BC Hydro is asking the lodge to pay up front the full $3 million cost of a new substation and distribution equipment to connect it to the new Northwest Transmission Line, which passes a few hundred metres away from the lodge.

Mike Watling, a part-owner of the lodge, told The Tyee he's been talking with BC Hydro for two years but is yet to find a solution that would allow him to spread the cost over future years. Meanwhile the lodge spends $250,000 a year on diesel fuel.

"It does seem a little bizarre," he said. "All I know is the answer we've been given doesn't really make sense."

The MLA for Stikine, the NDP's Doug Donaldson, said the lodge's situation shows the provincial government isn't doing enough to support tourism. "They're totally focused on LNG.... Other sectors will inevitably end up suffering and this is an example of that."

BC Hydro's Scott said reducing the 287 kilovolts of power in the line down to the 25 kilovolts needed to be useable for the lodge would require a new substation and new distribution equipment.

The utility's policy is guided by the Electric Tariff, which is approved by the B.C. Utilities Commission, she said. "[It] ensures the cost of new developments or specializations benefiting one customer are covered by that customer.

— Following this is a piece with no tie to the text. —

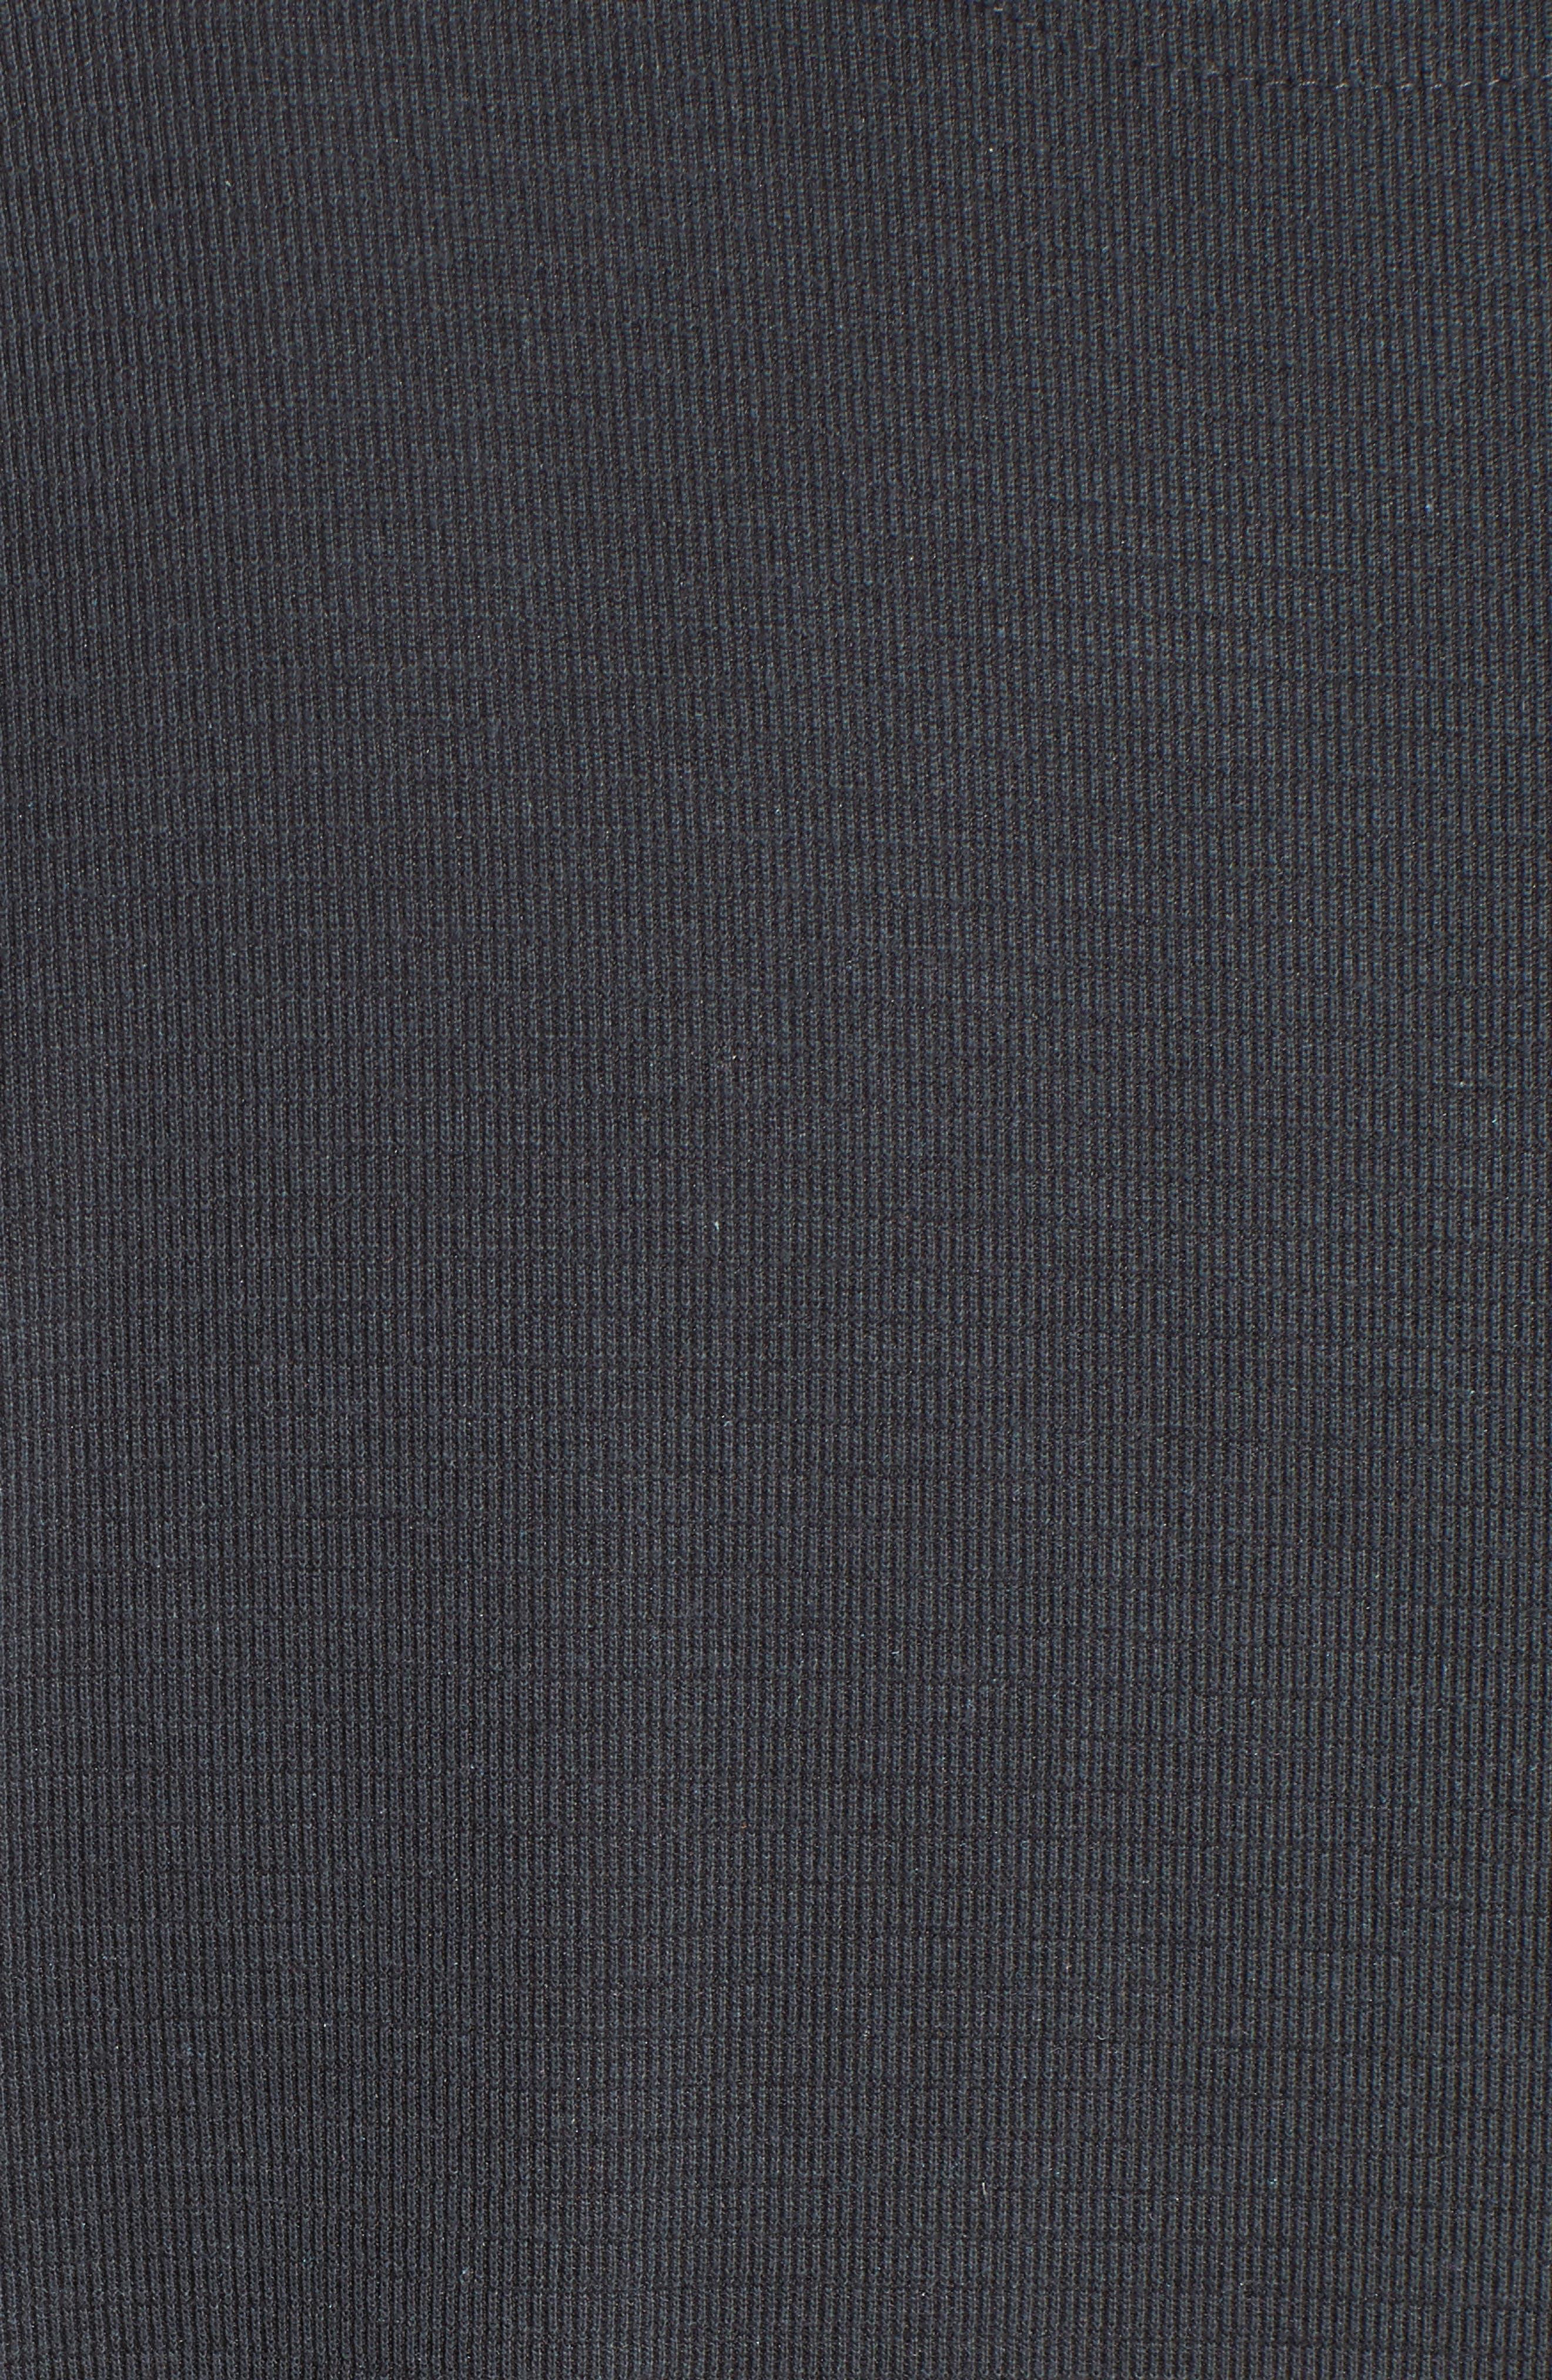 Crewneck T-Shirt,                             Alternate thumbnail 5, color,                             001
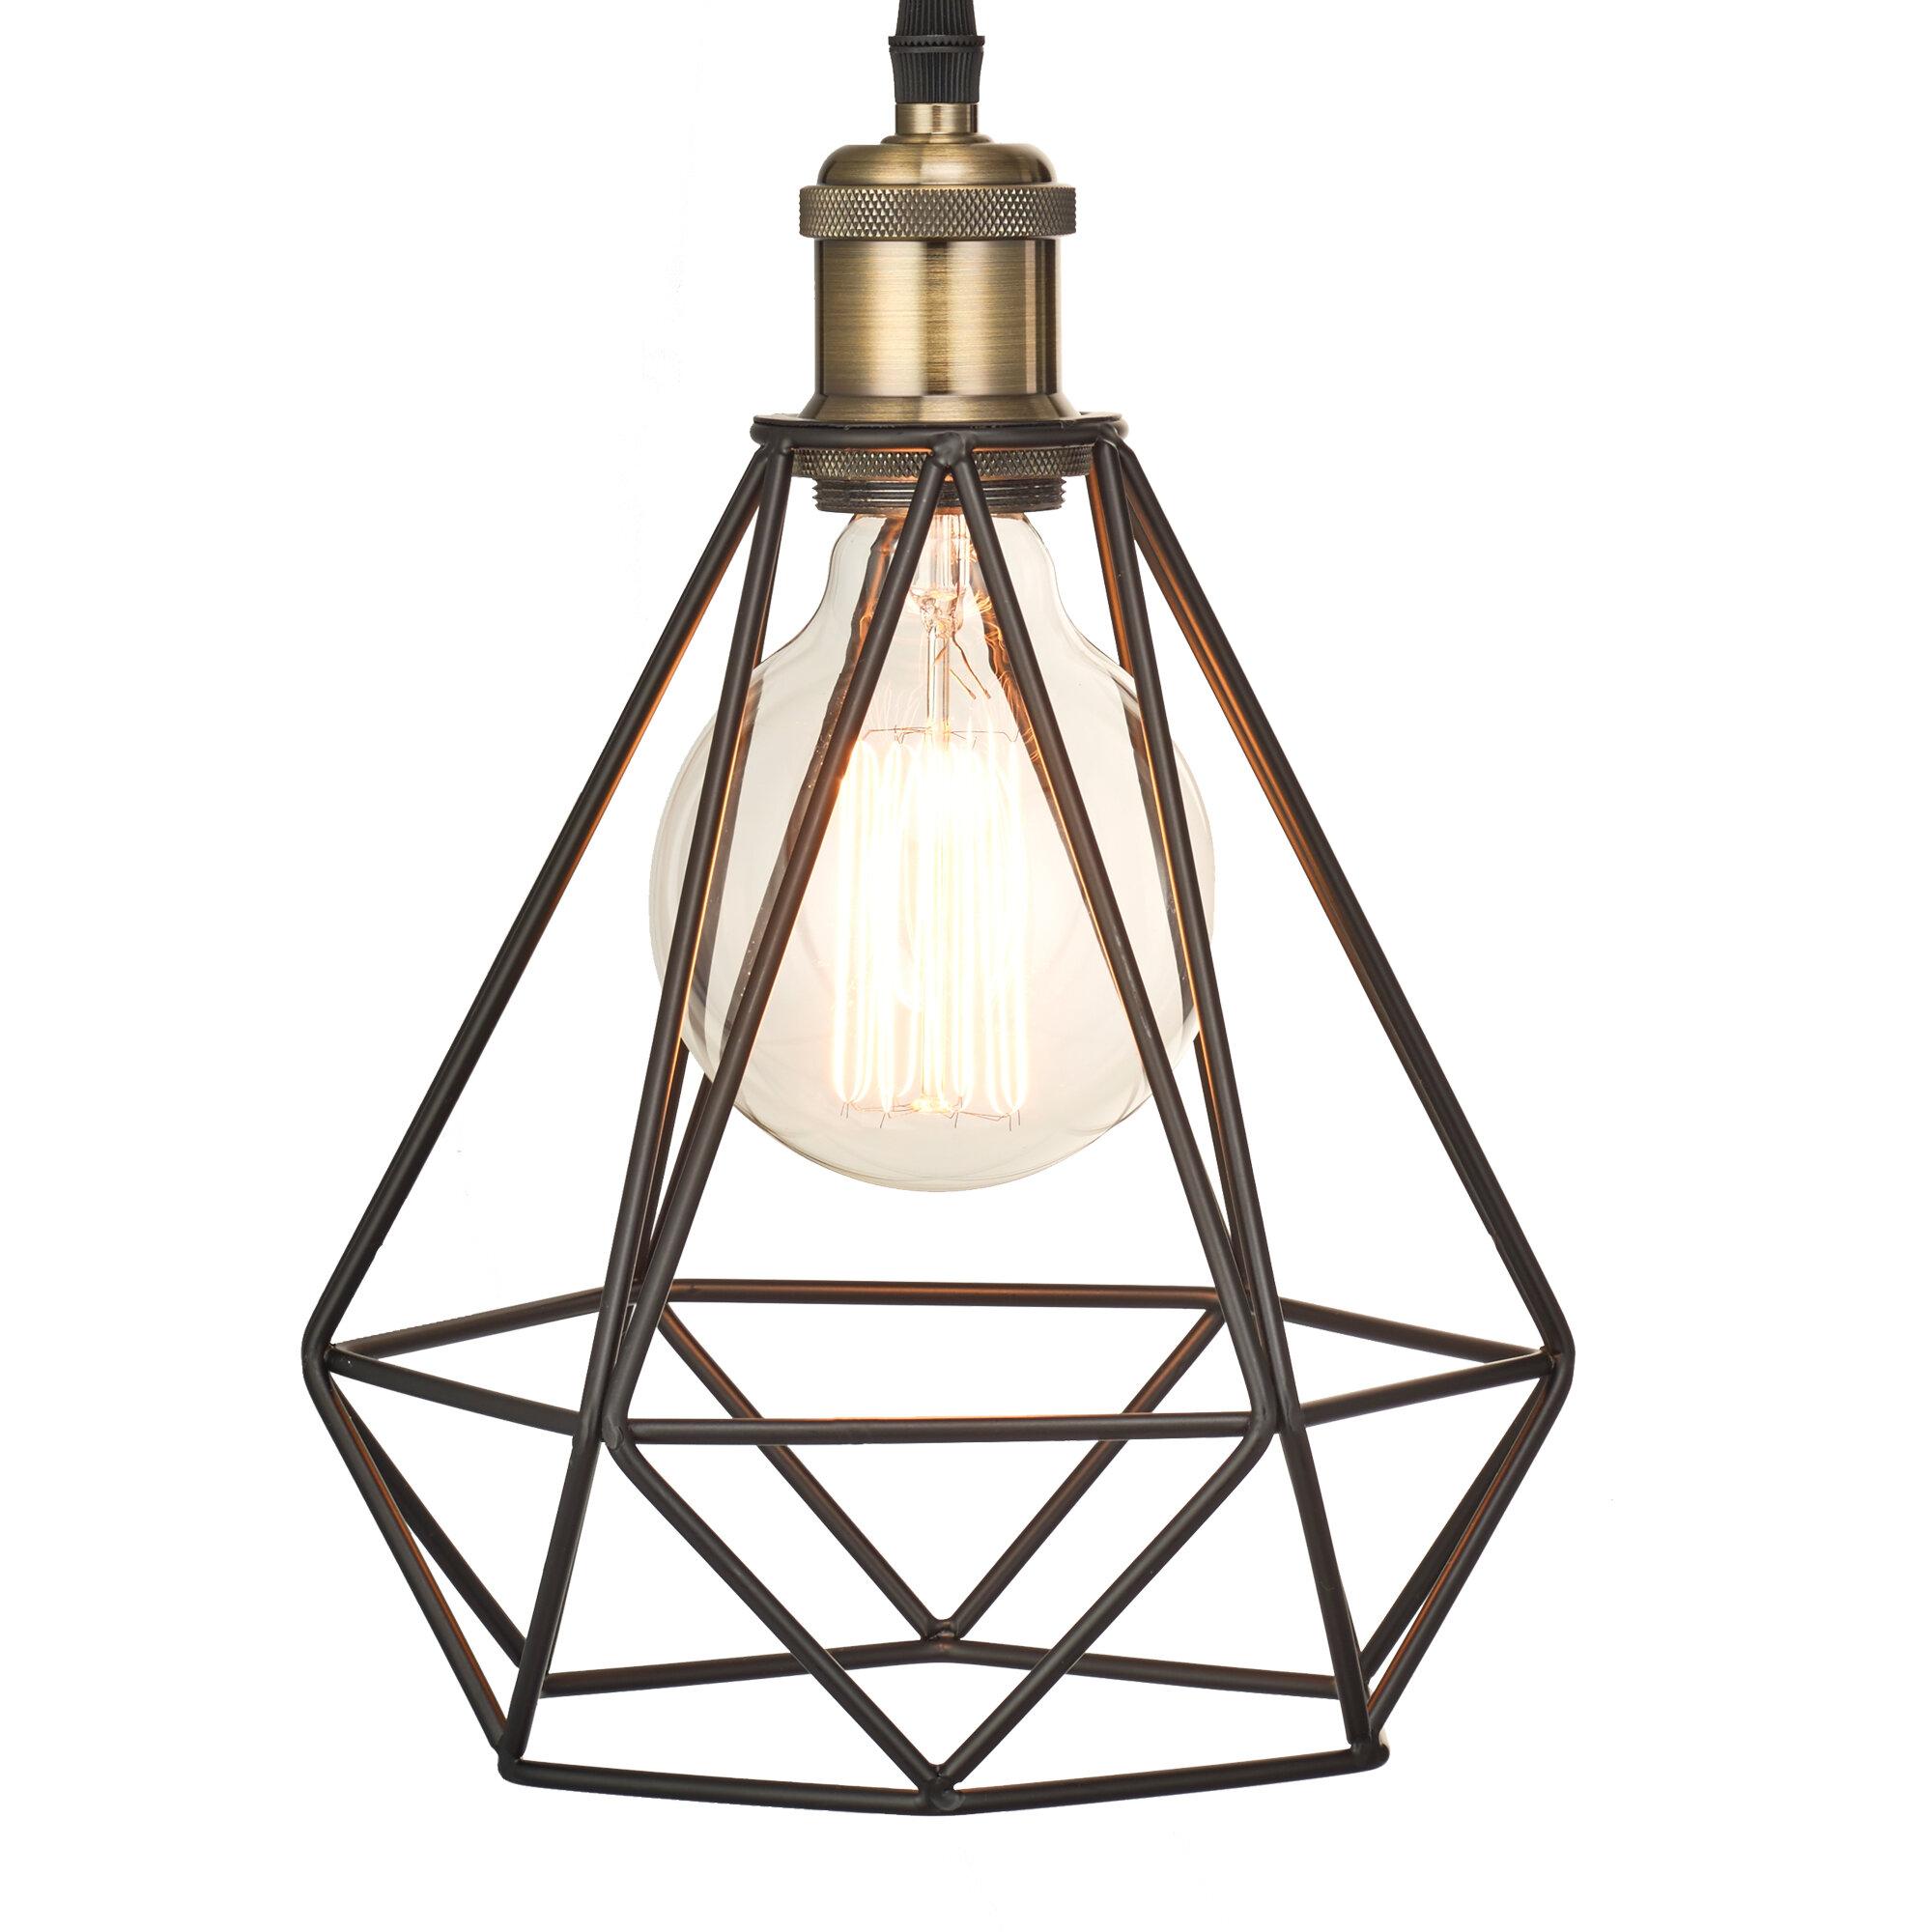 Danial Diamond Cage 1 Light Geometric Pendant

"In this case, application of the tariff would see the majority of the costs covered by the customer as there is very little chance that the new infrastructure would be used by any other customer and there is no way that revenue generated from the customer could cover the cost of the infrastructure," said Scott.

She confirmed the lodge would need to pay for the substation and distribution equipment, estimated at $3 million, before construction could begin.

The provincial government has said the Northwest Transmission Line is intended to end northern communities' reliance on diesel and to provide power for industrial users, particularly mines. Scott said the users of the Northwest Transmission Line will pay for the infrastructure, based on the amount of electricity they use, so other BC Hydro customers don't pay for the new line.